La nuova, storica, sentenza è il frutto di due ricorsi: il primo, presentato a New York da Edith Windsor, una donna lesbica sposata che chiedeva pieno riconoscimento, a livello federale, dei suoi diritti. Il secondo invece in California, con l'espressa richiesta dell'abrogazione del Proposition 8, che negava il diritto al matrimonio gay nello stato. Certo, i singoli stati possono ancora decidere se permettere a due uomini o due donne di sposarsi sul proprio territorio, ma non possono negare loro tutti i diritti che dal matrimonio derivano.
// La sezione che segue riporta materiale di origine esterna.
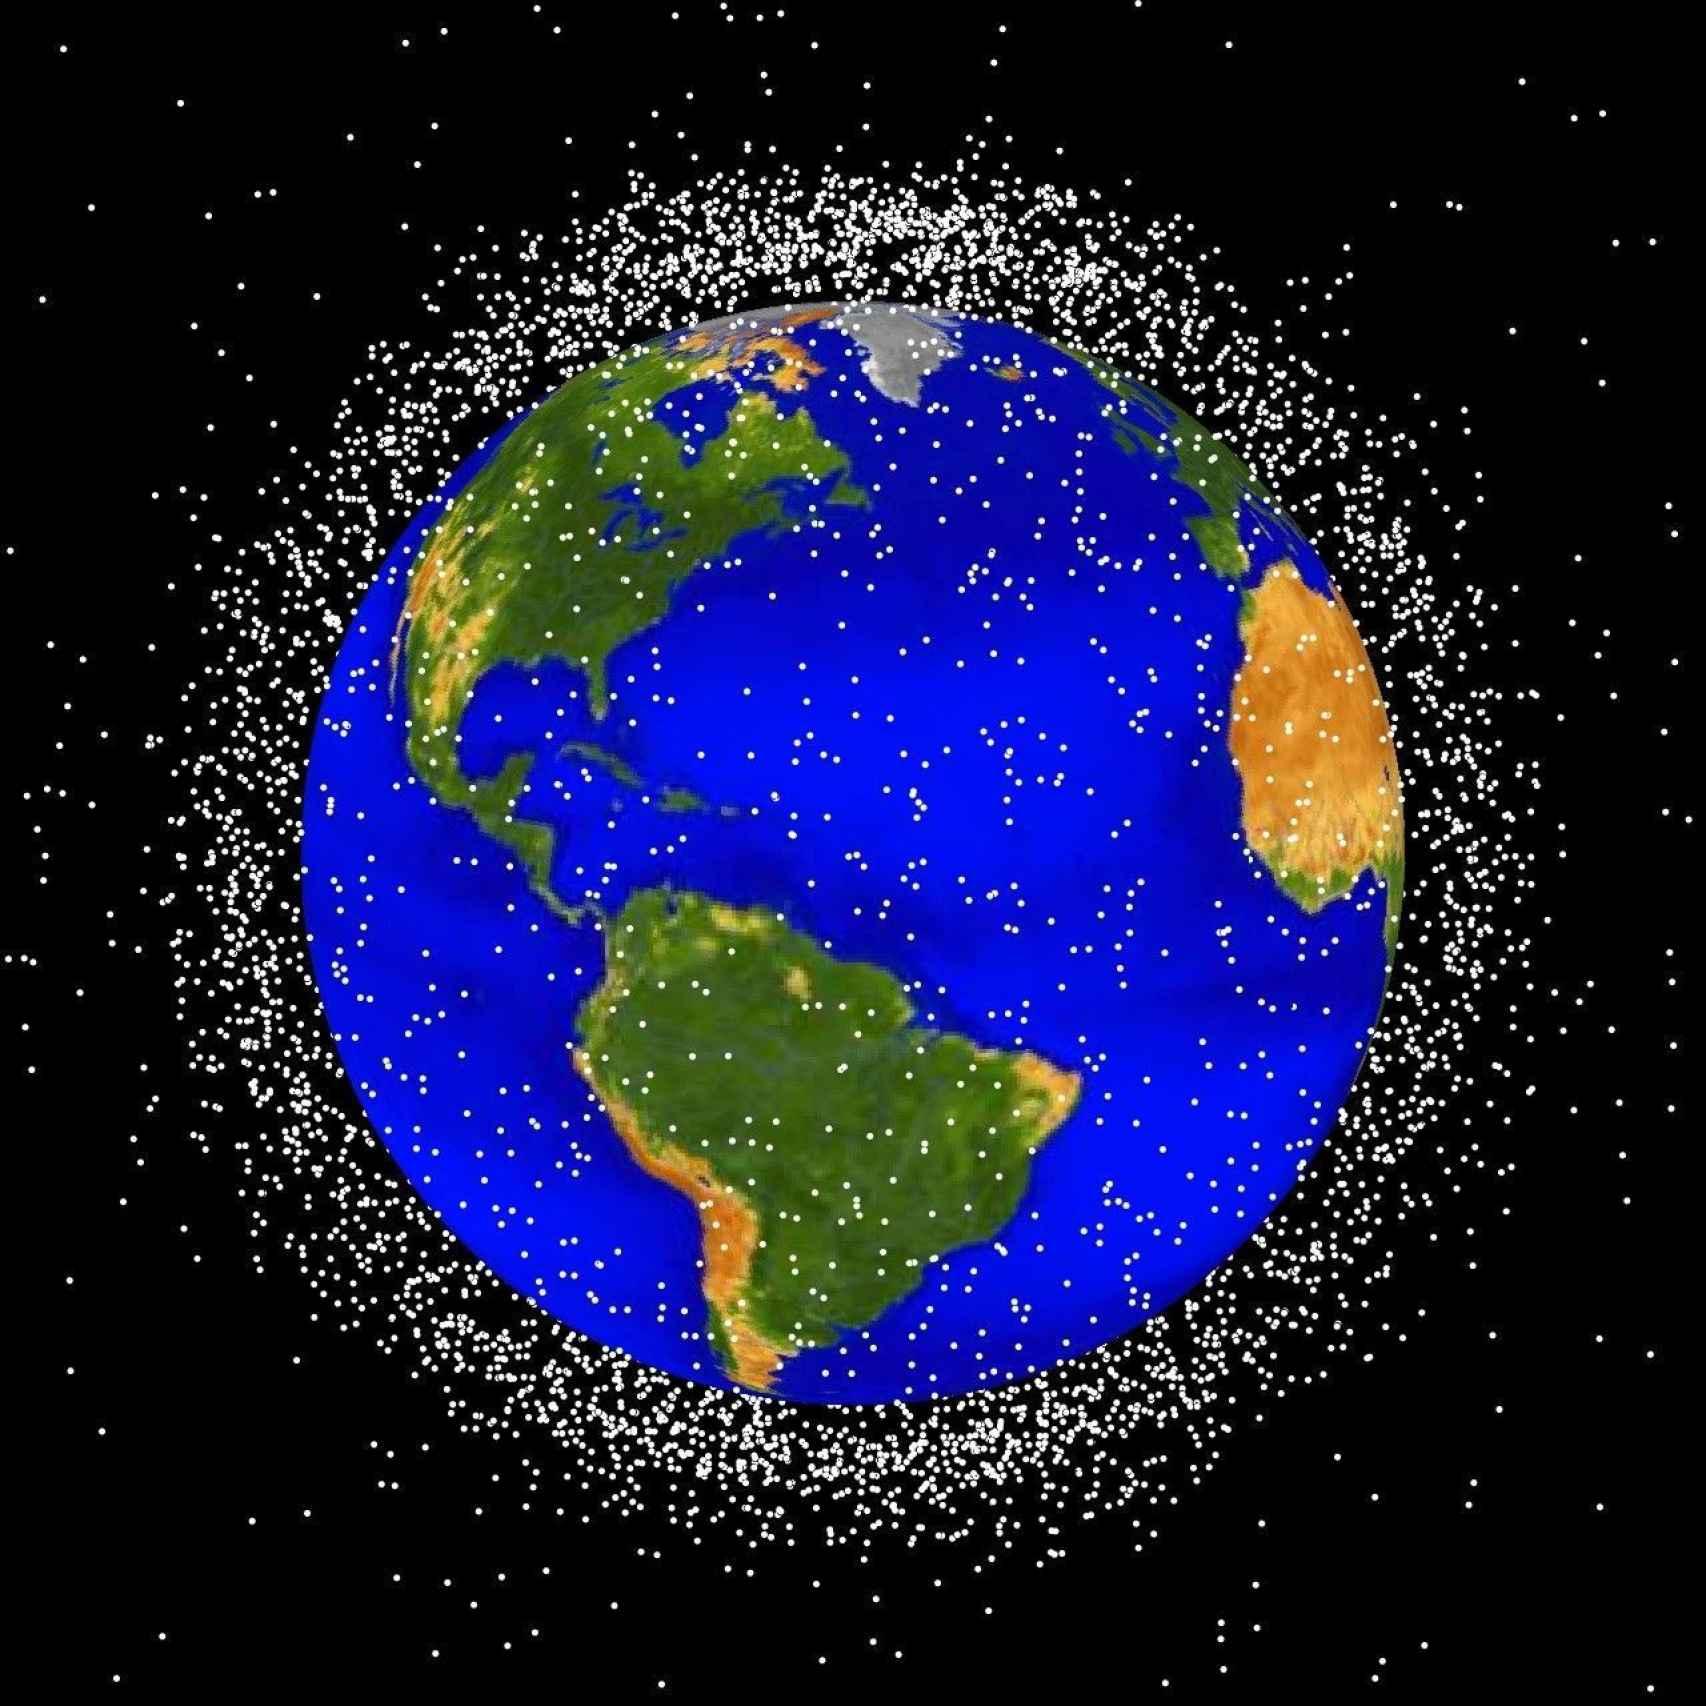 La chatarra espacial en órbita baja terrestre.
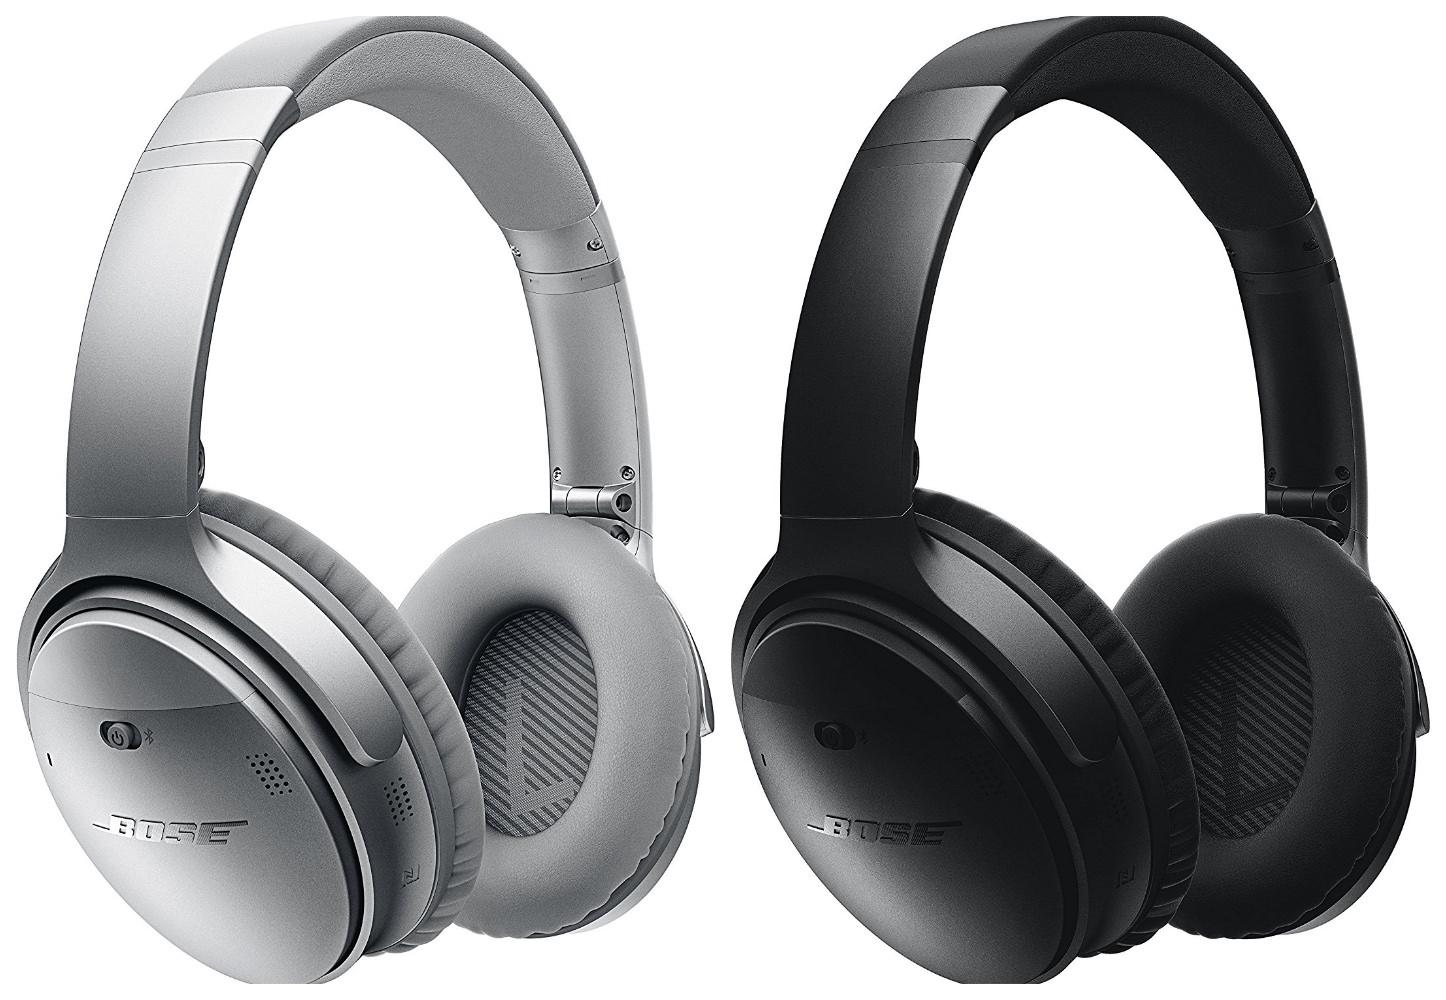 Bose-QC35-Headphones.jpg

La notizia, attesa da milioni di Americani, nonostante il parere contrario degli ambienti ecclesiastici e conservatori, è stata accolta con un boato e con festeggiamenti senza fine. Il sindaco di New York, Michael Bloomberg, applaudendo la decisione, ha commentato: "La nostra storia è definita dall'allargamento dell'uguaglianza per tutti e la corte ci ha portato un passo più vicini".

E cosa ne pensa il presidente? La decisione di abrogare il DOMA è per lui: "Uno storico passo verso l'uguaglianza". E chiude il discorso con la sua solita verve comunicativa e un nuovo hashtag: "#LoveIsLove".